Boston may be known for brick townhouses and cobblestone streets, but the past decade has seen a proliferation of something else: more new skyscrapers than at any other period in the city's history.

The two tallest towers on the city's skyline - 200 Clarendon, formerly known as the John Hancock tower, and the Prudential Tower - have remained the same for the past half century. But the past eight years has brought new third-, fourth- and fifth-tallest towers. The sixth-tallest - the 51-story South Station Tower - is scheduled for completion in 2025.

But after that, the trend may come to a halt. The slowdown in the skyscraper-building craze was already in the works before the pandemic brought major uncertainty to the office real estate sector.

"Real estate, building and development booms are highly cyclical," said Mark Fallon, a director of research and strategy at Hunneman, a real estate analyst firm.

See related story: Somerville, long known for three-deckers, has been aiming much higher

Boston has more factors that limit the building of tall towers than most cities, Fallon said.

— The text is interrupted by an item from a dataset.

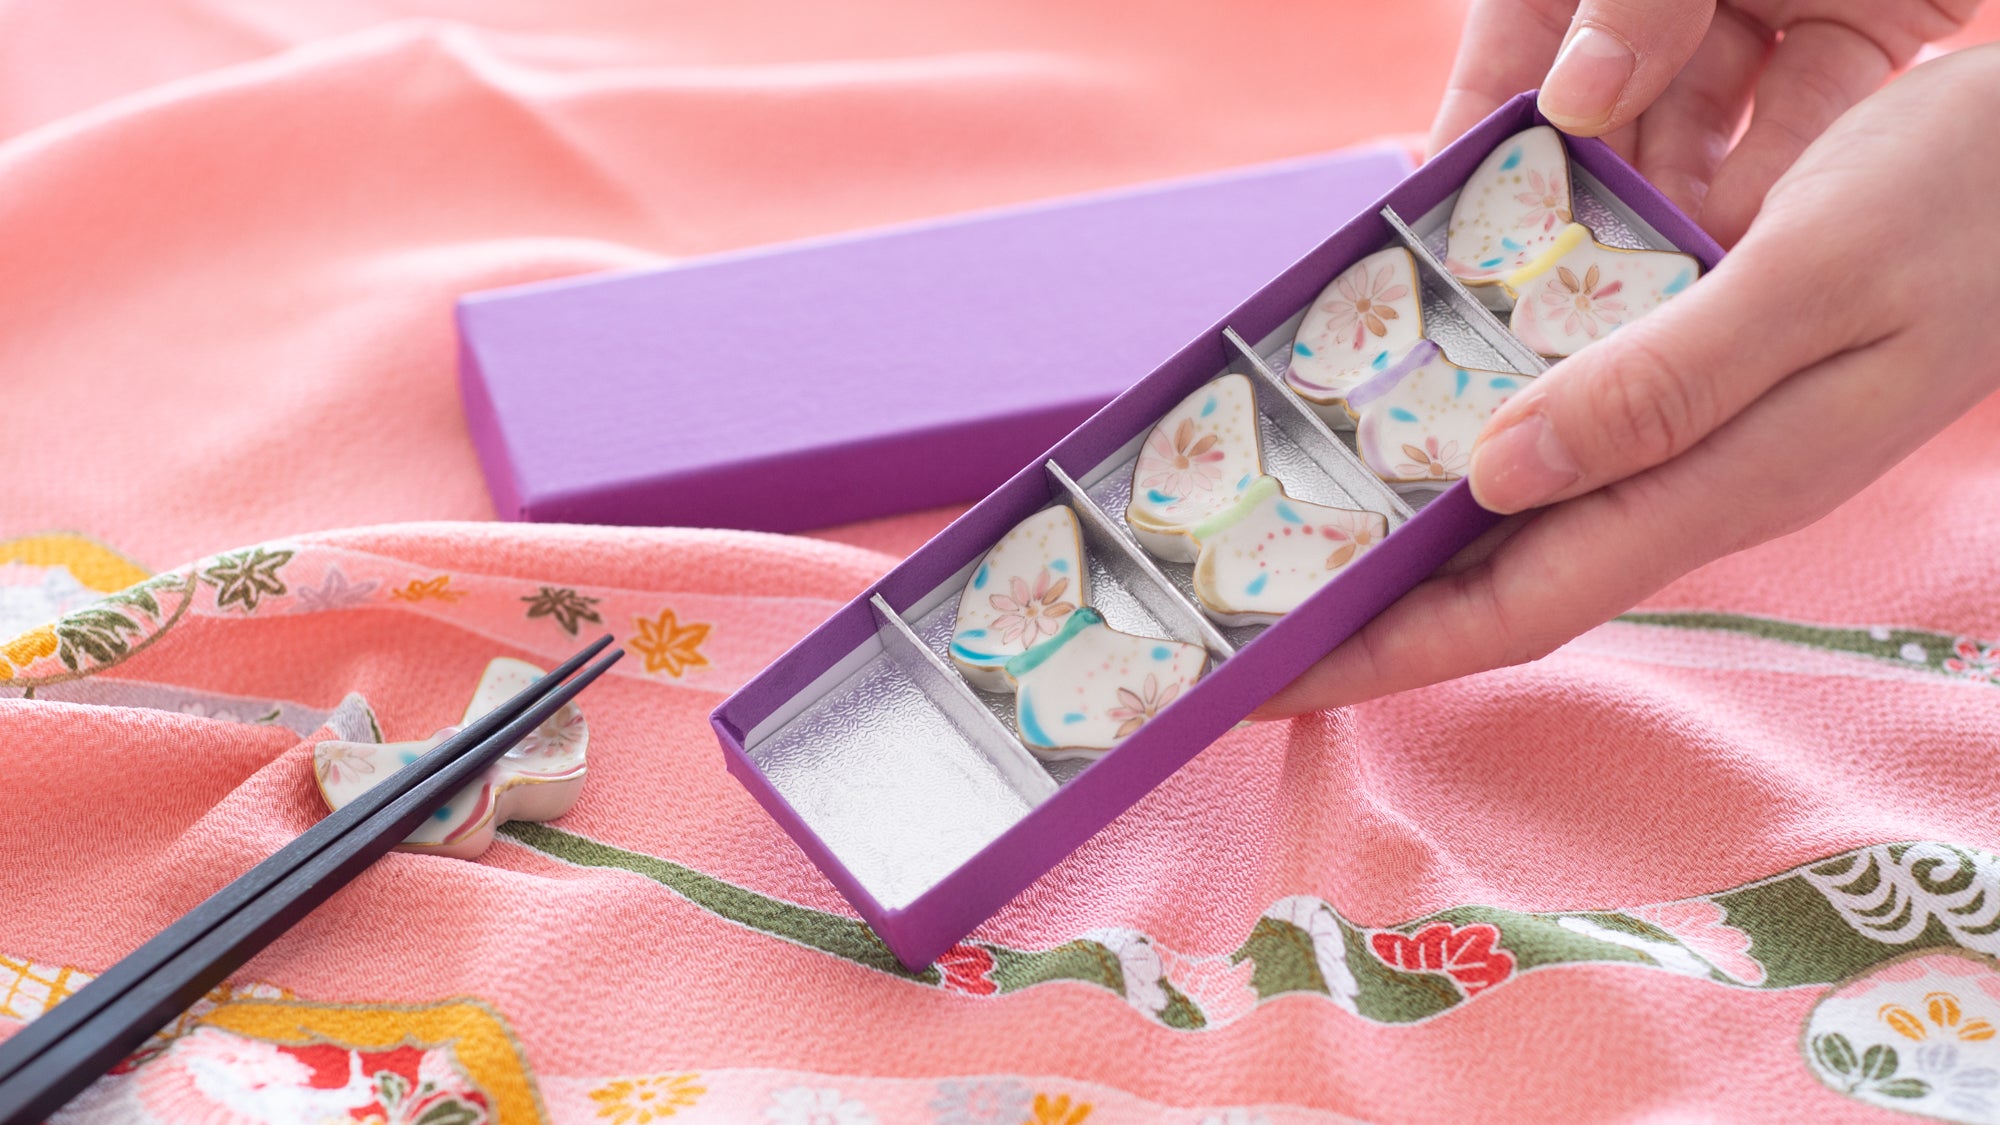 Japanese Choptick Rest Sets: Sending a Dainty Gift of Japanese Charm

Older buildings - some that date to the 1800s - are common in such neighborhoods as the Back Bay, South End, North End and Beacon Hill, restricting where towers can go. That, combined with strict zoning, means that realistically, there are few areas where towers can go, including downtown or along Back Bay's so-called "high spine," which includes the city's three tallest towers. Just across the harbor, Logan Airport limits building heights in the Seaport - where they're forced to top out at just over 20 stories - as well as downtown.

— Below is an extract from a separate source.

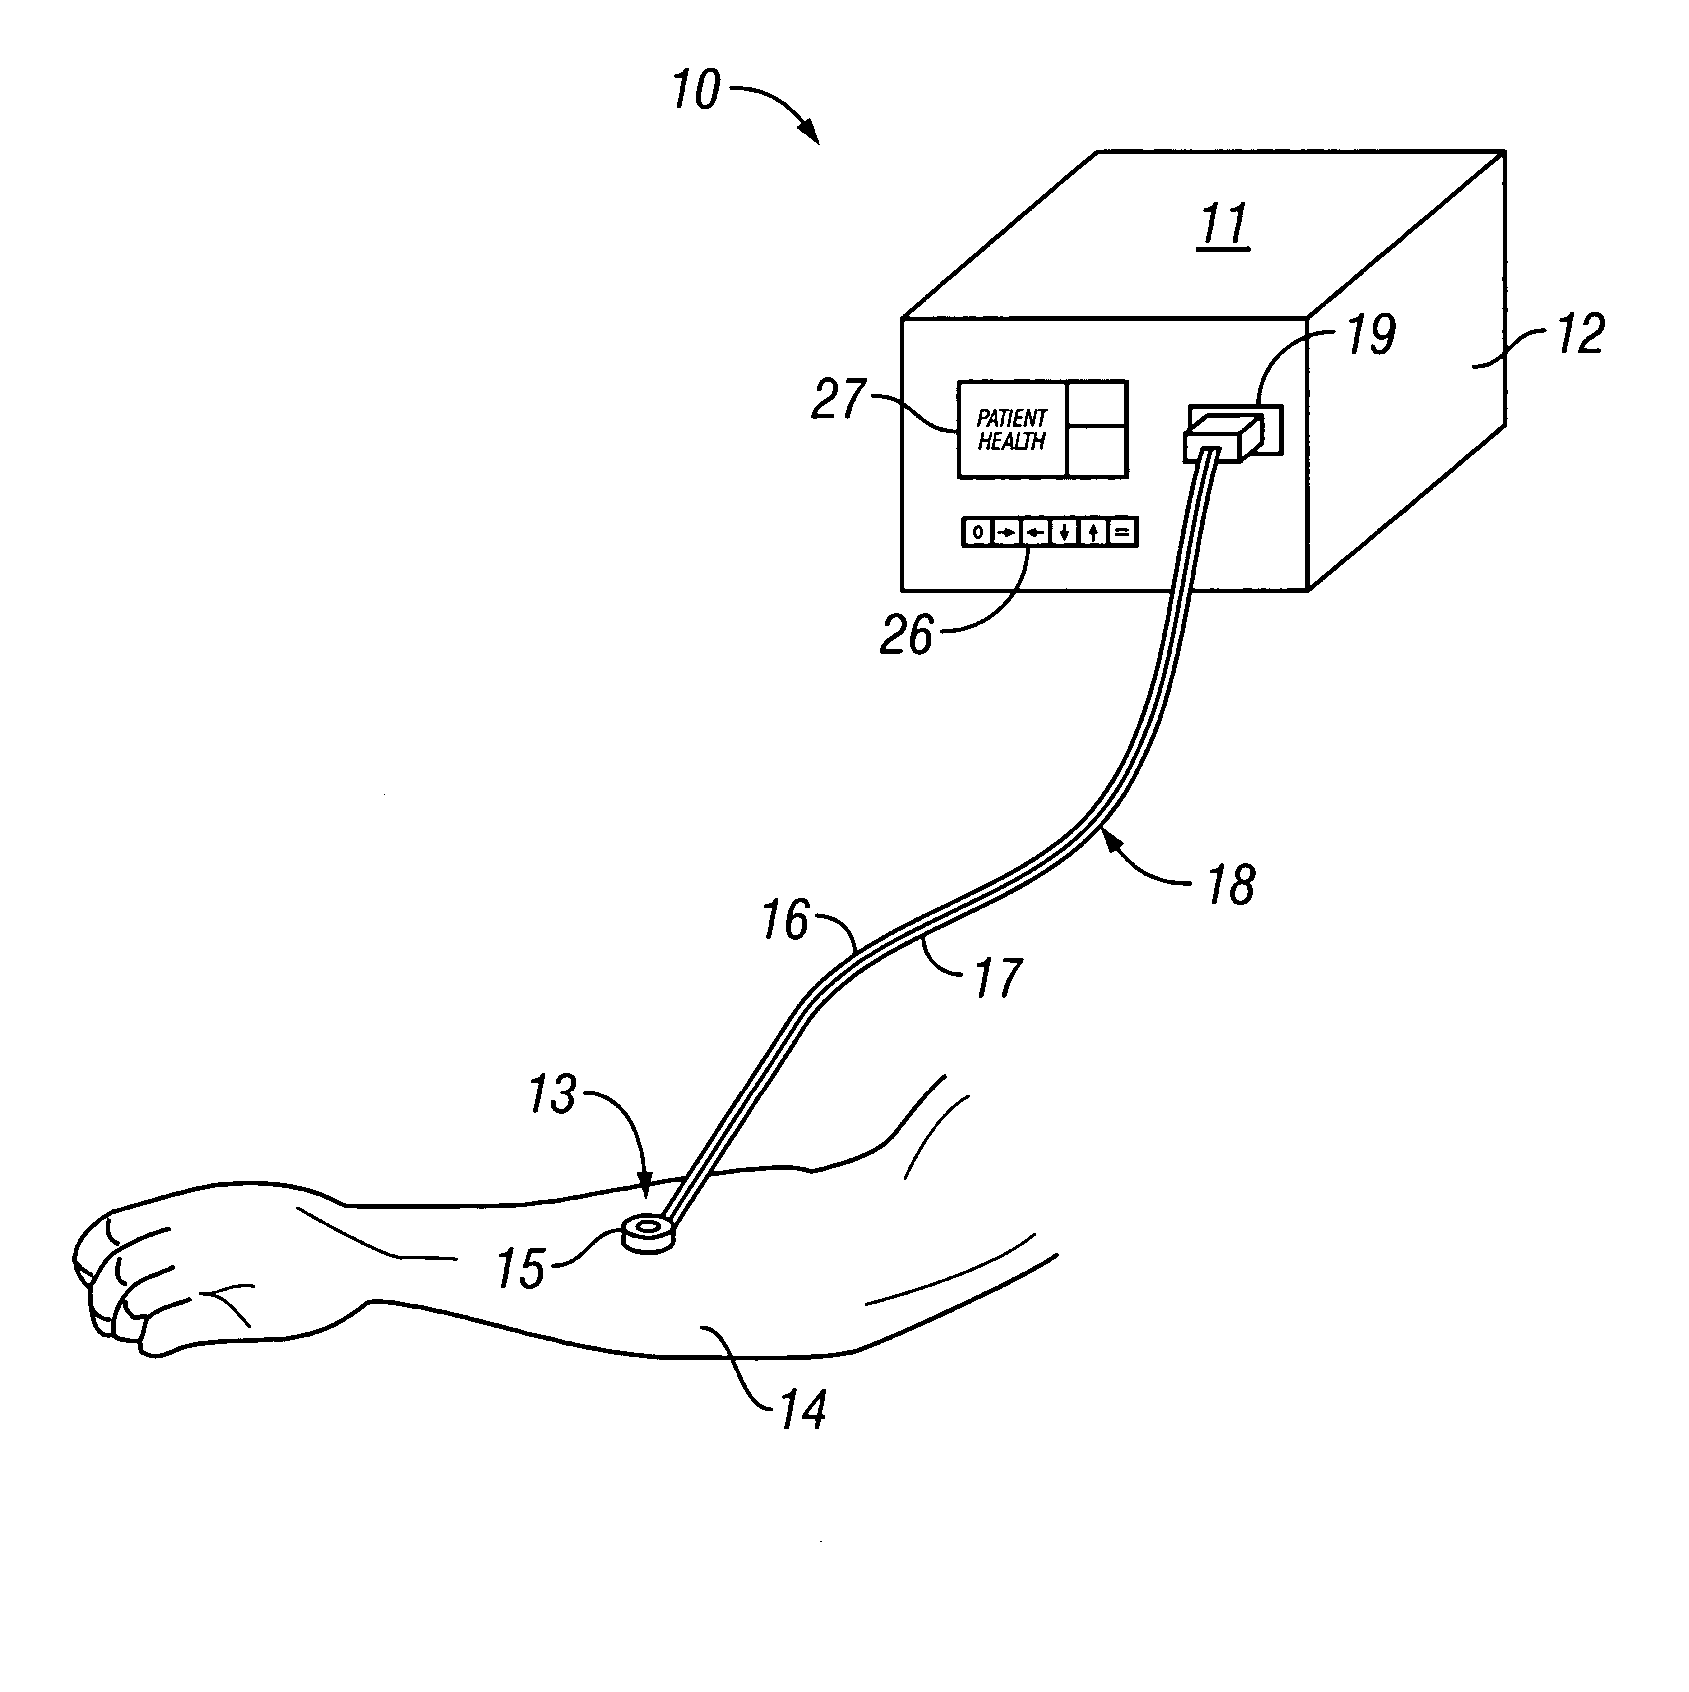 System for combined transcutaneous blood gas monitoring and negative pressure wound treatment

"It's not a highrise-living city, historically," said Jeff Myers, a research director at the firm Colliers. "In areas like Chicago, New York or Miami, it's been part of the urban fabric for far longer."

The decade from 2016 through 2025, when South Station Tower is due to be complete, will have been the biggest boom time for skyscrapers in the city's long and storied history. Boston added four towers of 200 meters, or 656 feet, in height during this more recent span of time, according to the Council on Tall Buildings and Urban Habitat. Of buildings put up in the past half-century, only 200 Clarendon had reached that level.

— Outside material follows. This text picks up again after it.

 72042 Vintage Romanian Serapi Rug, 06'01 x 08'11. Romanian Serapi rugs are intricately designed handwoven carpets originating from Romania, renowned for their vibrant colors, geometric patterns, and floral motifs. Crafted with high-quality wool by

A few of those towers were in the works before the tech and life sciences boom made Boston among the country's most prosperous metropolitan areas in the nation. South Station Tower, for example, first sought permitting decades ago. Winthrop Center, which ismoving in its first office tenants this summer, was first pitched by Mayor Tom Menino as a redevelopment project for a rundown city-owned parking garage on Federal Street.

Just before the pandemic, the vacancy rate for top-quality office space was 7.2% - a 20-year low, according to Myers.

"From a fundamental perspective, most of the office space was full, so there was a reason to build more," he said.

Eight of the city's 25 tallest buildings were built in the past decade. That compares to three in the 20-year period from 1990 to 2009. This decade has also included 11 towers of at least 100 meters - more than double that of the previous decade.

In fact, Boston's skyline hadn't undergone much change over a roughly two-decade span from the early 1990s to 2015, when Millennium Tower opened as what was then downtown Boston's new tallest building. The list of the city's 10 tallest buildings remained static from 1987, when downtown's International Place opened, until 2002, when 111 Huntington Ave. broke into the top 10.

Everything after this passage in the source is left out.